Two recent decisions of the United States Supreme Court control this case. They make it clear that the oath required by the second paragraph of section 3 of article XX of the California Constitution is invalid because it bars persons from public employment for a type of association that may not be proscribed consistently with First Amendment rights. These cases determine that the paragraph is invalid.

In Elfbrandt v. Russell, supra, 384 U.S. 11, 86 S.Ct. 1238, the oath had been interpreted by the Supreme Court of Arizona to proscribe knowing and willful membership in the Communist Party or any other organization having for one of its purposes the overthrow of the government of Arizona or any of its political subdivisions where the employee had knowledge of the unlawful purpose.
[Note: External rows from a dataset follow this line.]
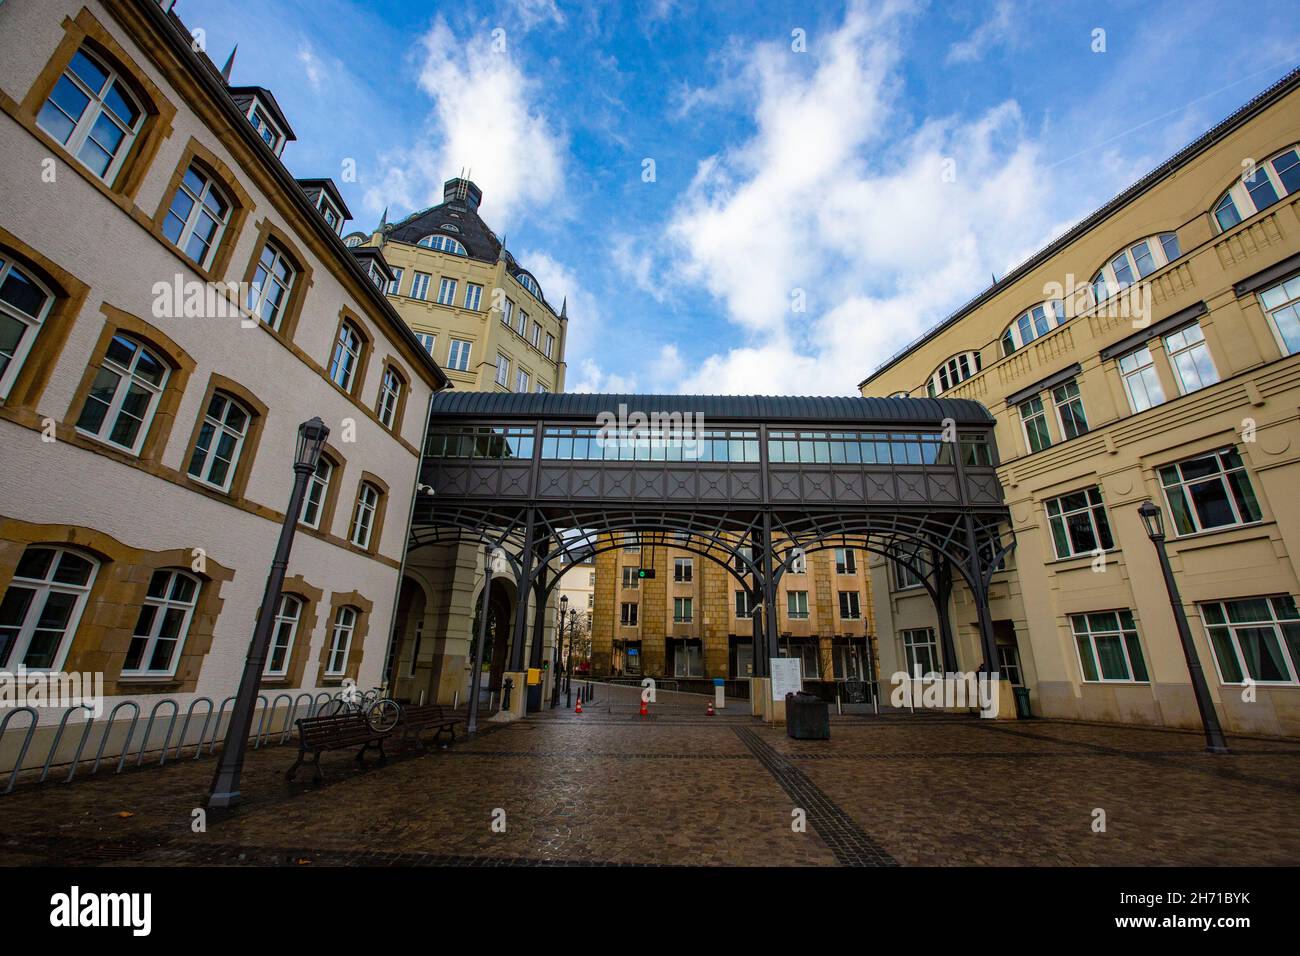 Palacio de Justicia, Plateau du Saint Esprit, la ciudad de Luxemburgo, Gran Ducado de Luxemburgo Foto de stock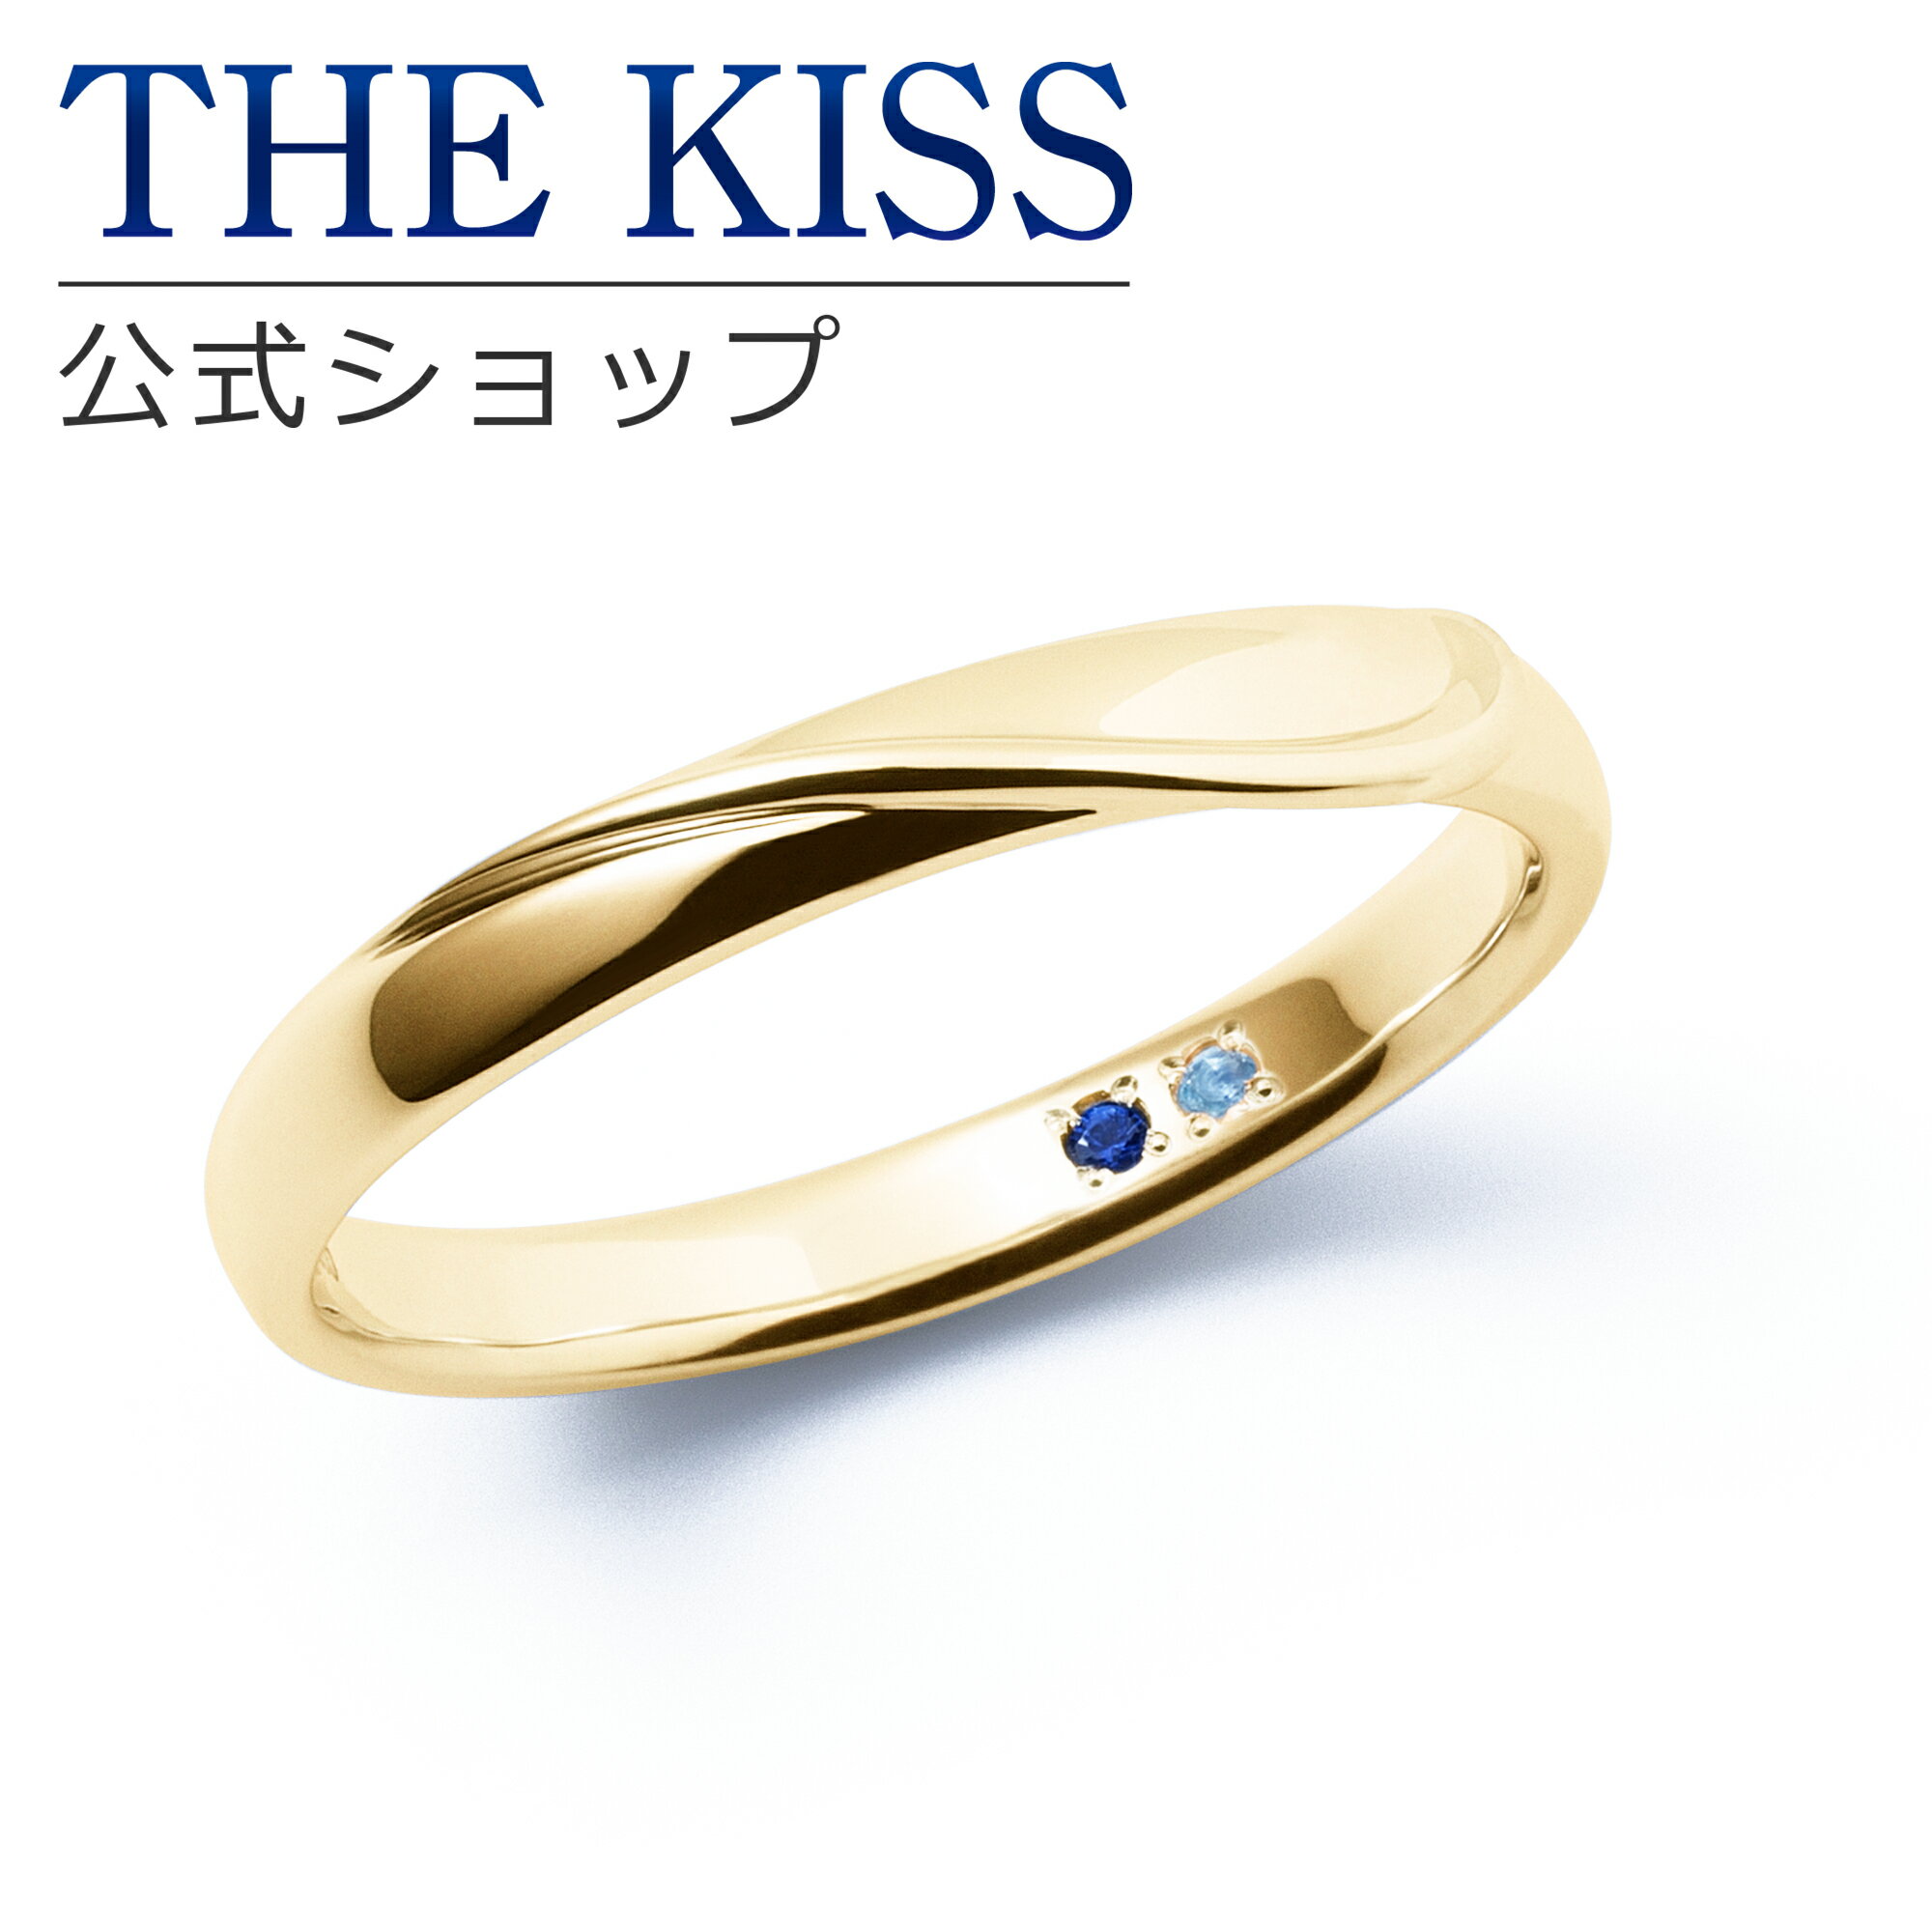 【ラッピング無料】【刻印無料】【THE KISS Anniversary】 THE KISS 公式ショップ K10 イエローゴールド マリッジ リング 結婚指輪 ペアリング メンズ 単品 yg カップル 人気 ジュエリーブランド THEKISS ザキッス 指輪 7581122012A 誕生石 シンプル 女性 ブライダル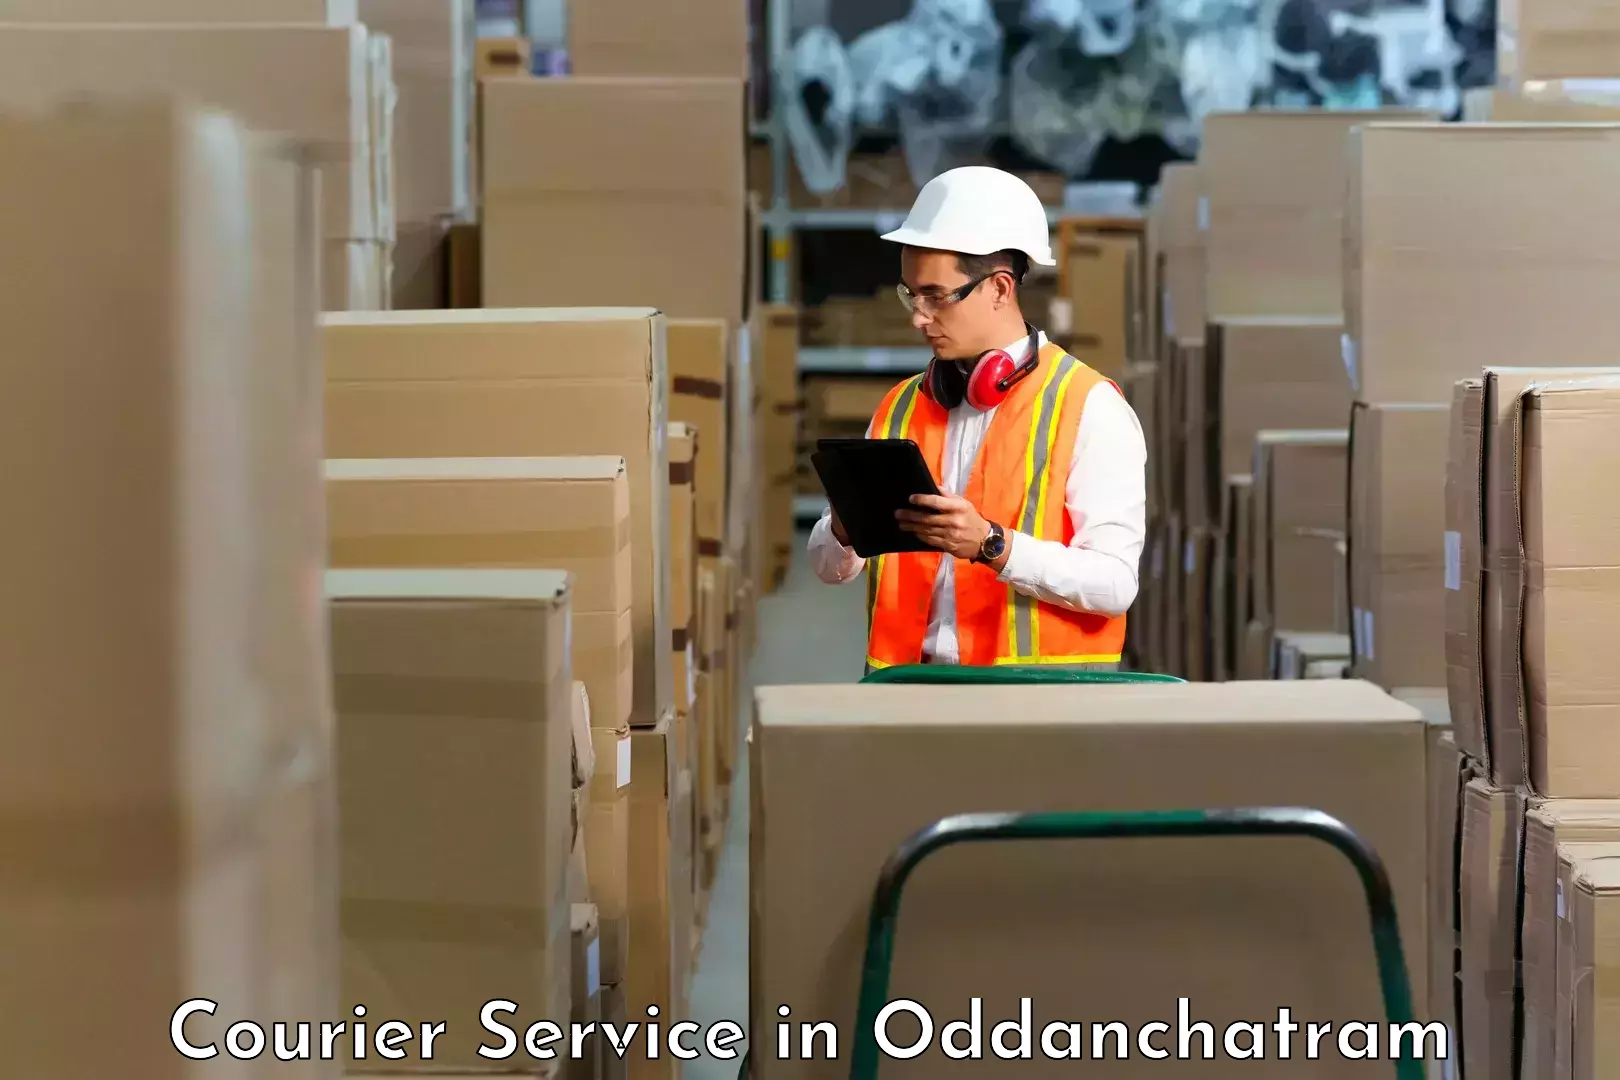 Logistics solutions in Oddanchatram

The United States Supreme Court reasoned that quasi-political parties or other groups may embrace both legal and illegal aims (Scales v. United States, 367 U.S. 203, 229, 81 S.Ct. 1469, 6 L.Ed.2d 782); that in such a situation there is a danger that one in sympathy with the lawful aims of the organization, but not intending to accomplish them by violence, might be punished for his lawful adherence to lawful and constitutionally protected purposes (Noto v. [68 Cal.2d 23] United States, 367 U.S. 290, 299--300, 81 S.Ct. 1517, 6 L.Ed.2d 836); and that, since nothing in the Arizona oath or its construction excluded association by one who does not subscribe to the organization's unlawful purpose (cf. Aptheker v. Secretary of State, 378 U.S. 500, 84 S.Ct. 1659, 12 L.Ed.2d 992), the oath was invalid. (Elfbrandt v. Russell, supra, 384 U.S. at pp. 15--16, 86 S.Ct. 1238.)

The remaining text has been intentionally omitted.